[HN Gopher] Show HN: My Single-File Python Script I Used to Repl...
___________________________________________________________________
Show HN: My Single-File Python Script I Used to Replace Splunk in
My Startup
My immediate reaction to today's news that Splunk was being
acquired was to comment in the HN discussion for that story: "I
hated Splunk so much that I spent a couple days a few months ago
writing a single 1200 line python script that does absolutely
everything I need in terms of automatic log collection, ingestion,
and analysis from a fleet of cloud instances. It pulls in all the
log lines, enriches them with useful metadata like the IP address
of the instance, the machine name, the log source, the datetime,
etc. and stores it all in SQlite, which it then exposes to a very
convenient web interface using Datasette. I put it in a cronjob
and it's infinitely better (at least for my purposes) than Splunk,
which is just a total nightmare to use, and can be customized super
easily and quickly. My coworkers all prefer it to Splunk as well.
And oh yeah, it's totally free instead of costing my company
thousands of dollars a year! If I owned CSCO stock I would sell
it-- this deal shows incredibly bad judgment." I had been meaning
to clean it up a bit and open-source it but never got around to it.
However, someone asked today in response to my comment if I had
released it, so I figured now would be a good time to go through it
and clean it up, move the constants to an .env file, and create a
README. This code is obviously tailored to my own requirements for
my project, but if you know Python, it's extremely straightforward
to customize it for your own logs (plus, some of the logs are
generic, like systemd logs, and the output of netstat/ss/lsof,
which it combines to get a table of open connections by process
over time for each machine-- extremely useful for finding code that
is leaking connections!). And I also included the actual sample log
files from my project that correspond to the parsing functions in
the code, so you can easily reason by analogy to adapt it to your
own log files. As many people pointed out in responses to my
comment, this is obviously not a real replacement for Splunk for
enterprise users who are ingesting terabytes a day from thousands
of machines and hundreds of sources. If it were, hopefully someone
would be paying me $28 billion for it instead of me giving it away
for free! But if you don't have a huge number of machines and
really hate using Splunk while wasting thousands of dollars, this
might be for you.
Author : eigenvalue
Score : 249 points
Date : 2023-09-21 16:26 UTC (6 hours ago)

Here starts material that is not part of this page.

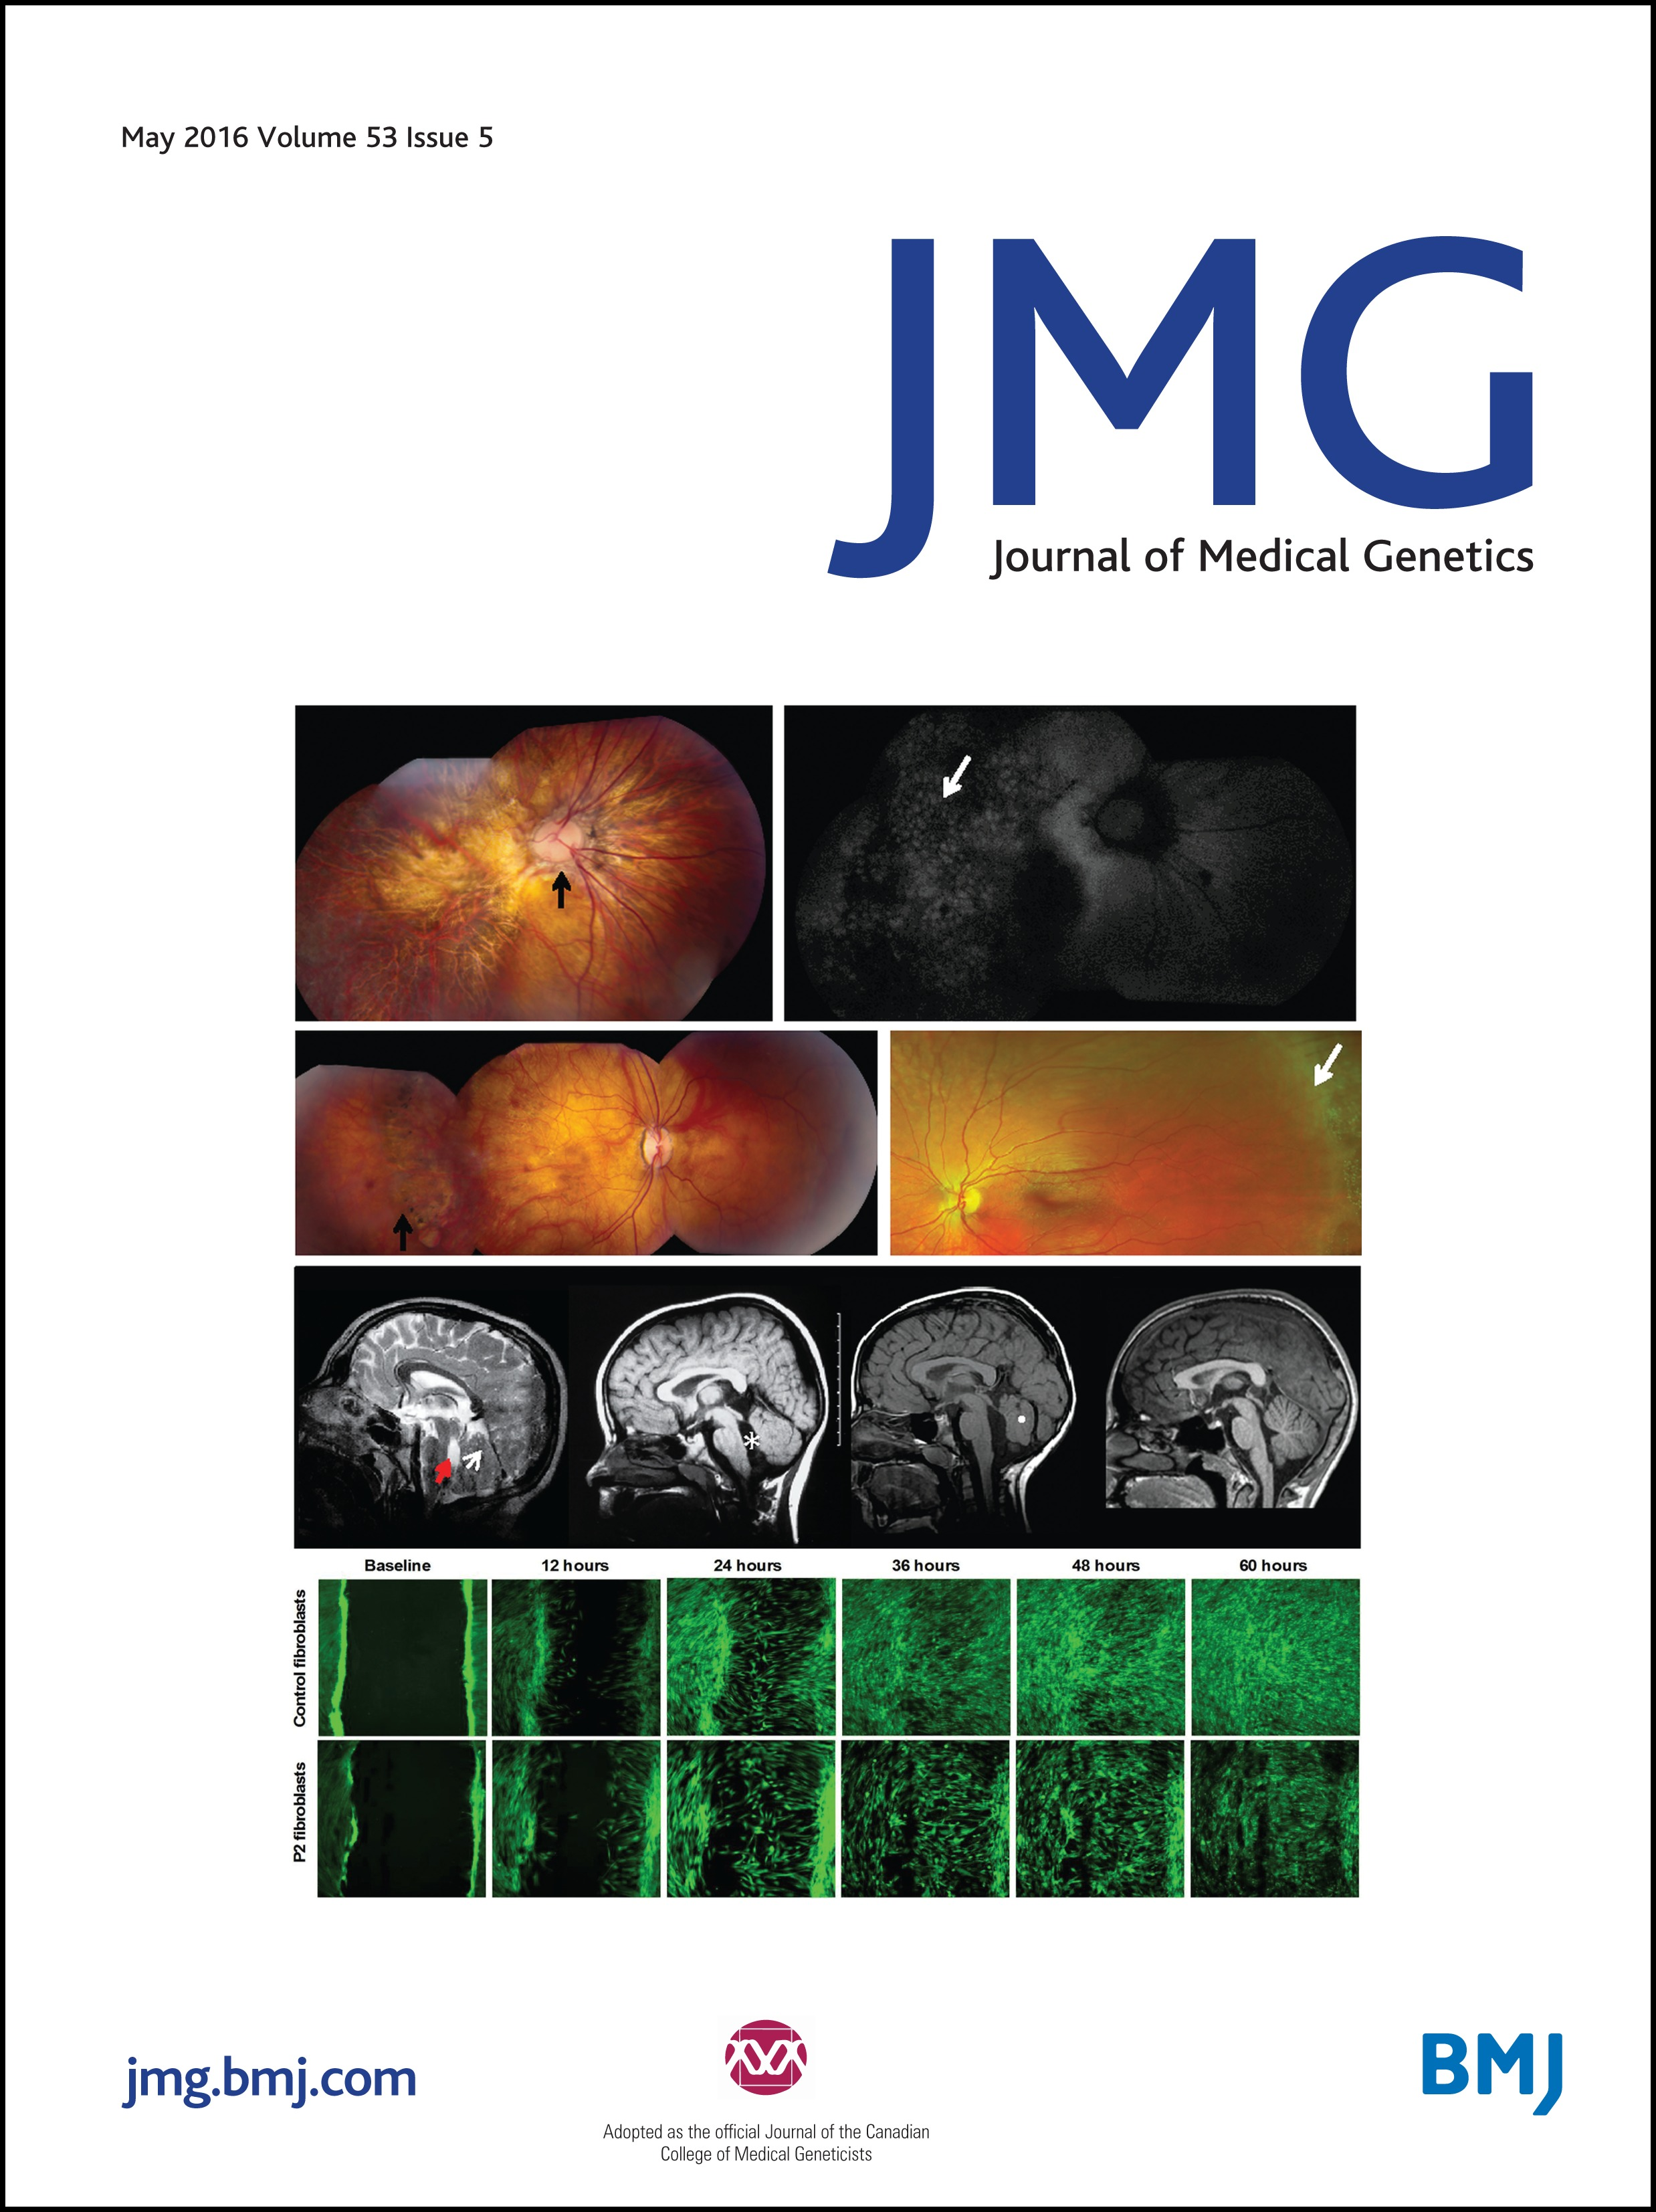 Genetic Spectrum Of Saudi Arabian Patients With Antenatal Cystic Kd Tools 2524 Short Circuit Detector Walmartcom Kidney Disease And Ciliopathy Phenotypes Using A Targeted Renal Gene Panel Journal

(HTM) web link (github.com)
(TXT) w3m dump (github.com)
| surfingdino wrote:
| "Hell hath no fury like a Python dev annoyed"
|
| :-)
|
| Thank you for sharing!
| ozfive wrote:
| Hell hath no fury like any dev annoyed by something they could
| build themselves...
| languagehacker wrote:
| Ah, the hubris of the single developer who believes they can
| replace a battle-tested product from a company with innumerable
| decades of combined human effort.
|
| Glad it works for you!
| cooper_ganglia wrote:
| I mean, it seems like it's working for them. Not every single
| startup needs the same solutions as a larger company,
| especially when the solution is as expensive as Splunk!
| xorcist wrote:
| Fetching logs regularly sounds hard? Wouldn't you need to keep
| track of the position of all files, with heuristics around file
| rotations? And if something catastrophic happens, the most
| interesting data would be in that last block which couldn't be
| polled?
|
| Normally you'd avoid all that complexity by shipping logs the
| other way, sending from each machine. That way you can keep state
| locally should you need to. All unix-like systems do this out of
| the box, and almost all software supports the syslog protocol to
| directly stream logs. But you can also use something like
| filebeat and a bunch of other modern alternatives.
|
| The analyzer can then run locally on the log server and a whole
| lot of complexity just disappears.
| eigenvalue wrote:
| I considered doing it the way you described, but then you need
| to deploy software on every single one of your machines and
| make sure it's running, that it's not accidentally using up 99%
| of your CPU (I've had bad experiences with the monitoring
| agents for Splunk and Netdata misbehaving and slowing down the
| machines and causing problems), etc. Whereas with the "pull"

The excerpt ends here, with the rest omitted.